Docker Integration
Metadata
| Created | Updated | Status |
|---|---|---|
| 2026-01-28 | 2026-01-31 | ✅ Done |
Overview
Multi-stage Docker containerization for monorepo with dev/prod configurations. VPS deployment via GitHub Actions CI/CD.
Problem: Manual VPS deployment causes environment inconsistencies and conflicts with FastPanel services.
Solution: Docker containers isolate apps with bundled deps. VPS-direct builds (no registry), multi-stage images (~200MB), FastPanel Nginx proxy for SSL.
Architecture
Local Dev: pnpm dev (web:7979, api:3001) → PostgreSQL container
VPS Prod:
FastPanel Nginx (:80/:443)
├─ app.quangnguyen.dev → web (localhost:7979)
└─ api.quangnguyen.dev → api (localhost:3001)
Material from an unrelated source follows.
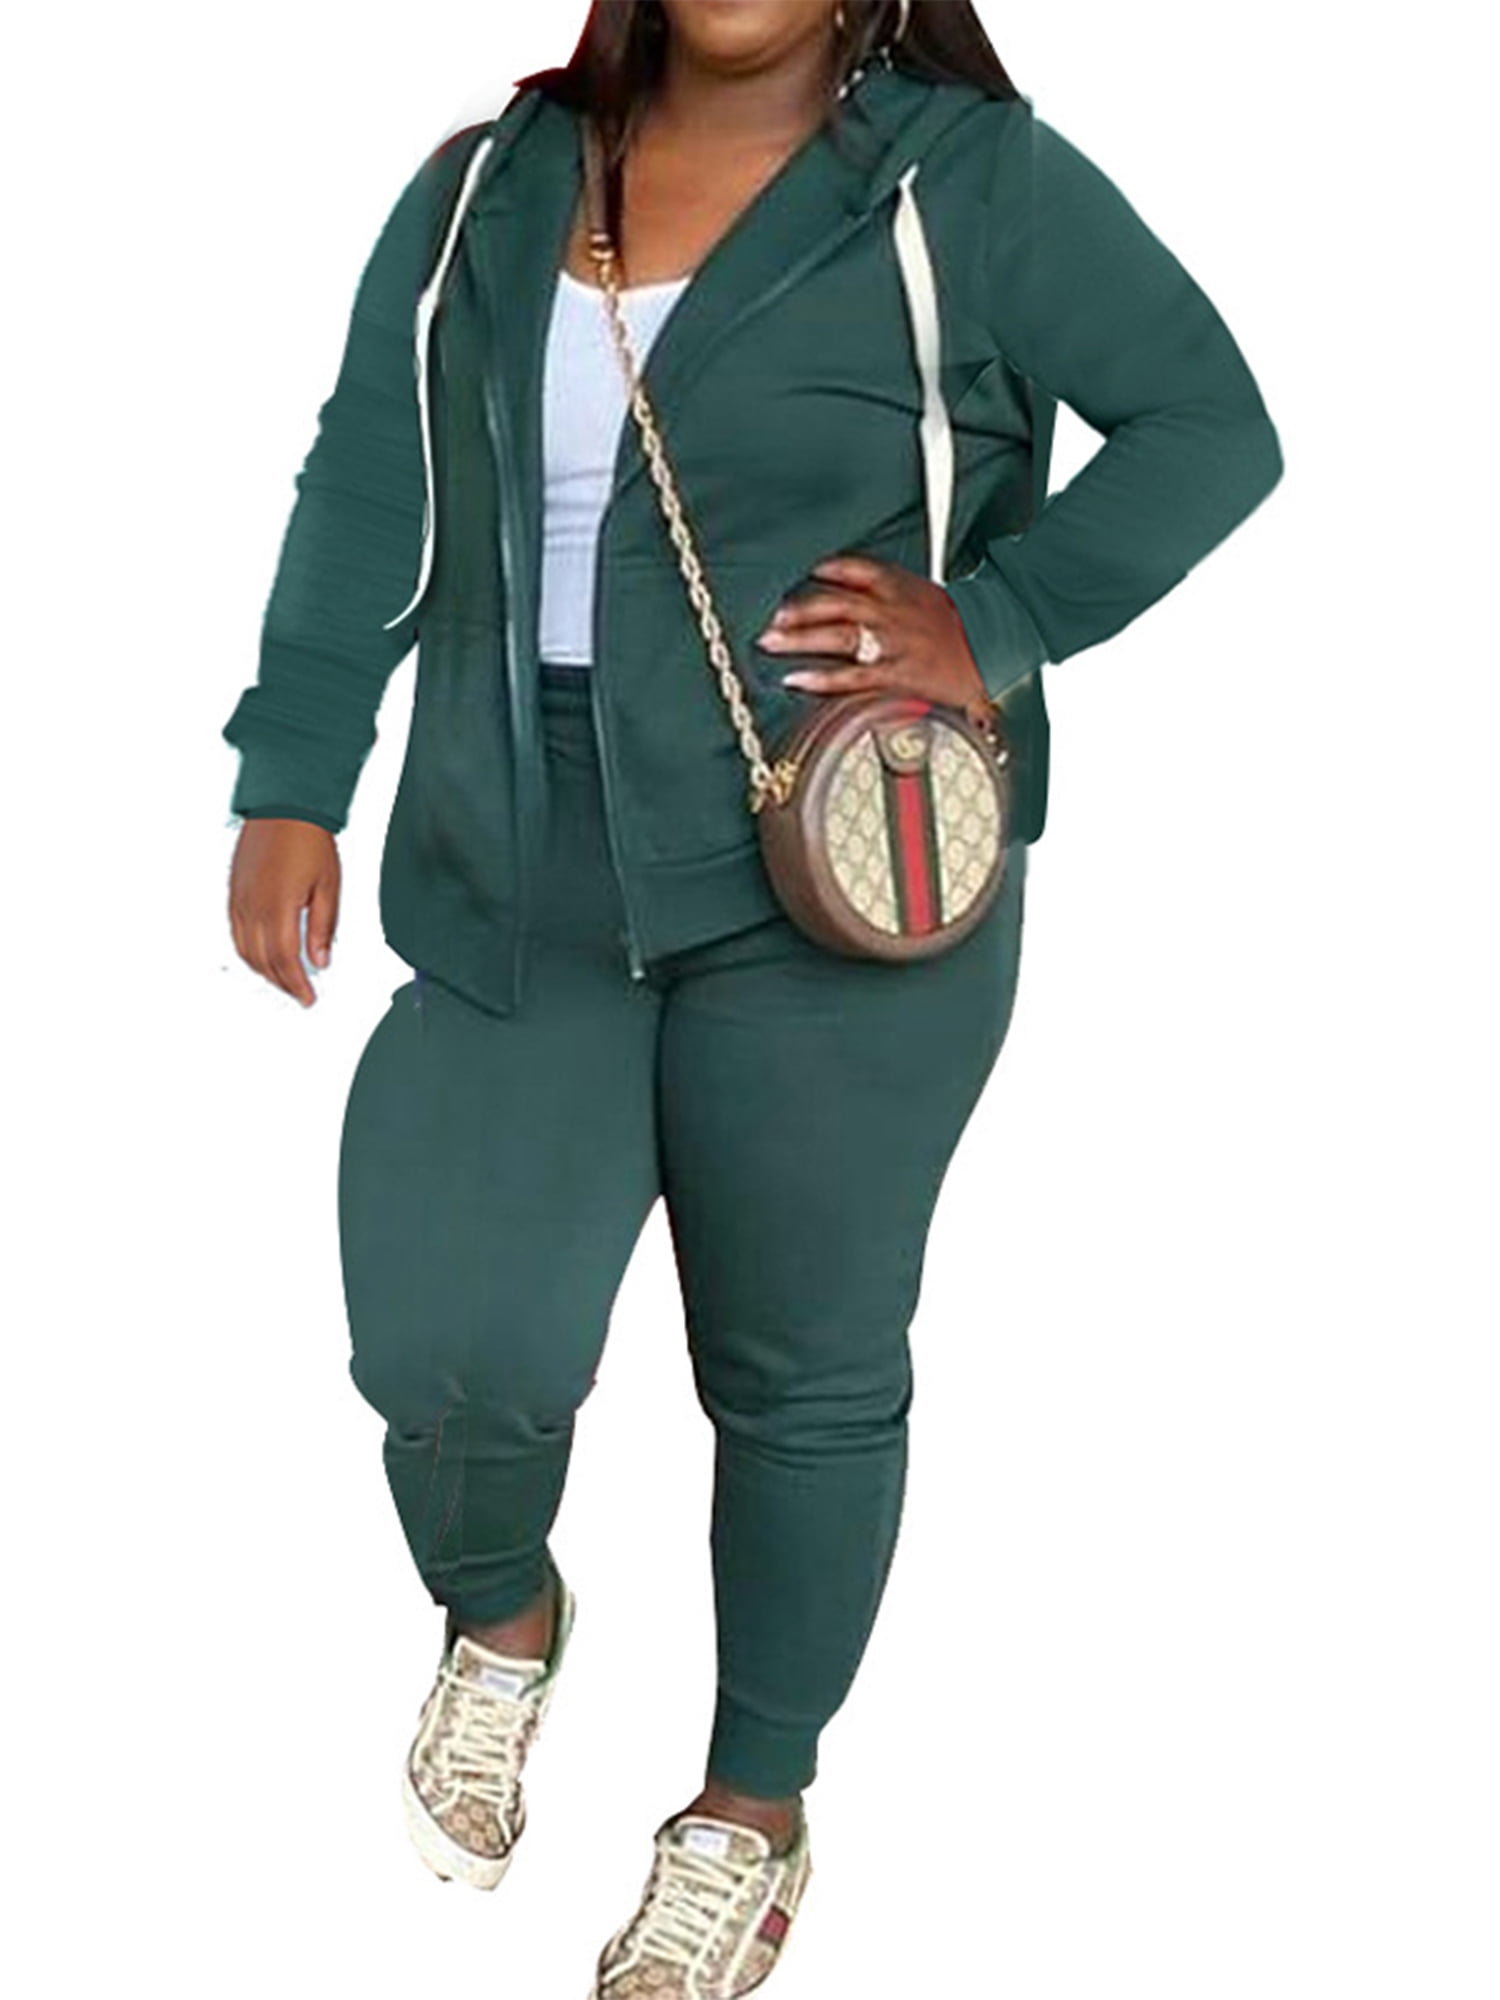 Cindysus Women Two Piece Outfit Plus Size Sweatsuit Hoodie Jogger Set  Casual Jogging Long Sleeve Tracksuit Sets Brown XL
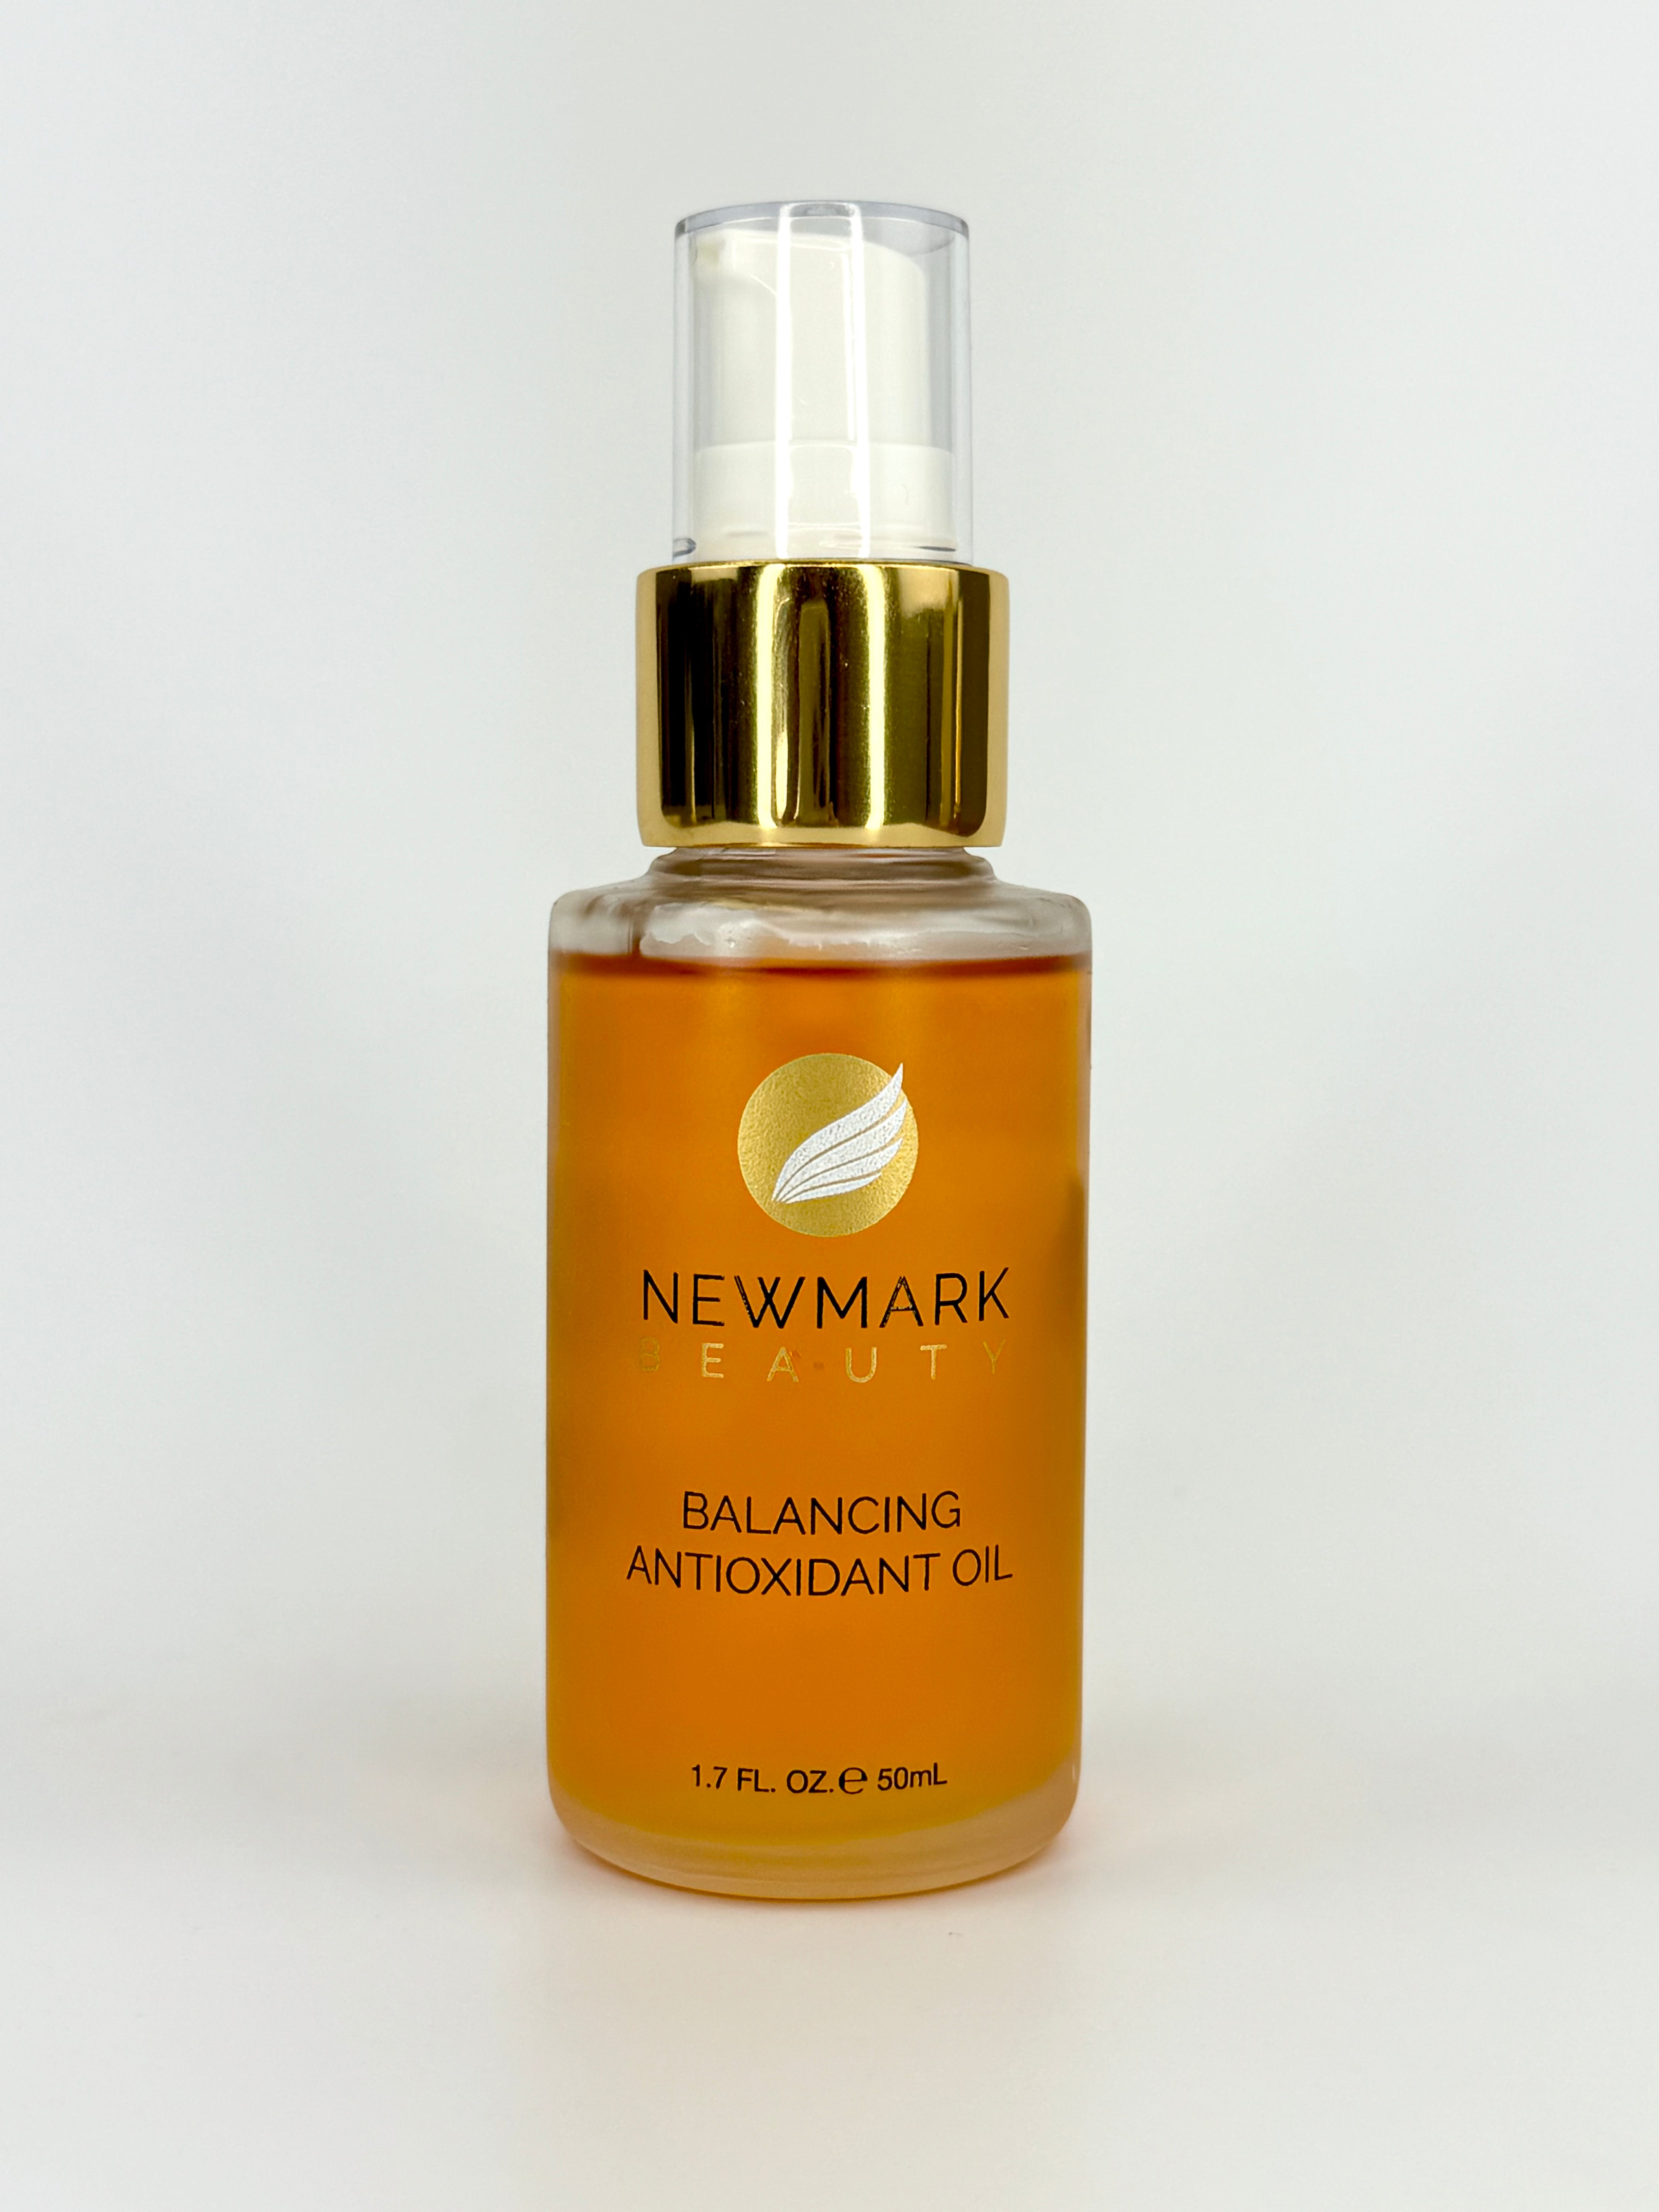 Balancing Antioxidant Oil by Newmark Beauty

Docker Compose: web ↔ api ↔ postgres (pgdata volume)
Files
| File | Purpose |
|---|---|
apps/web/Dockerfile | Next.js standalone image |
apps/api/Dockerfile | Hono bundled image |
docker-compose.dev.yml | Local PostgreSQL only |
docker-compose.prod.yml | VPS full stack |
.dockerignore | Exclude build context |
.env.*.example | Environment templates |
deploy.sh | VPS deployment script |
.github/workflows/deploy.yml | CI/CD workflow |
Dockerfiles
Web (Next.js)
# deps → builder → runner (3 stages)
FROM node:22-alpine AS runner
COPY --from=builder /app/apps/web/.next/standalone ./
USER nextjs
EXPOSE 7979
CMD ["node", "apps/web/server.js"]
output: 'standalone'reduces image ~70%- Non-root user
nextjs:1001
API (Hono)
FROM node:22-alpine AS runner
COPY --from=builder /app/apps/api/dist ./dist
USER honojs
EXPOSE 3001
CMD ["node", "dist/index.js"]
tsupbundles all deps (no node_modules)- Non-root user
honojs:1001
CI/CD
on:
push:
branches: [dev, main]
jobs:
deploy-dev:
if: github.ref == 'refs/heads/dev'
steps:
- uses: appleboy/ssh-action@v1.0.3
with:
script: |
cd /path/to/app
git pull origin dev
docker compose -f docker-compose.prod.yml up -d --build
| Branch | Environment |
|---|---|
dev | app.quangnguyen.dev |
main | quangnguyen.com (later) |
GitHub Secrets
VPS_HOST, VPS_USER, VPS_SSH_KEY (dev)
PROD_VPS_HOST, PROD_VPS_USER, PROD_VPS_SSH_KEY, PROD_APP_PATH (prod)
Usage
# Local dev
docker compose -f docker-compose.dev.yml up -d
pnpm dev
# VPS deploy
./deploy.sh api # or web, all
# Logs
docker compose -f docker-compose.prod.yml logs -f
# Database
docker exec -it flowershop-postgres psql -U flowershop
docker exec flowershop-postgres pg_dump -U flowershop flowershop > backup.sql
Environment Variables
# Dev
DATABASE_URL=postgresql://flowershop:devpassword@localhost:5432/flowershop_dev
# Prod (use 'postgres' hostname, not 'localhost')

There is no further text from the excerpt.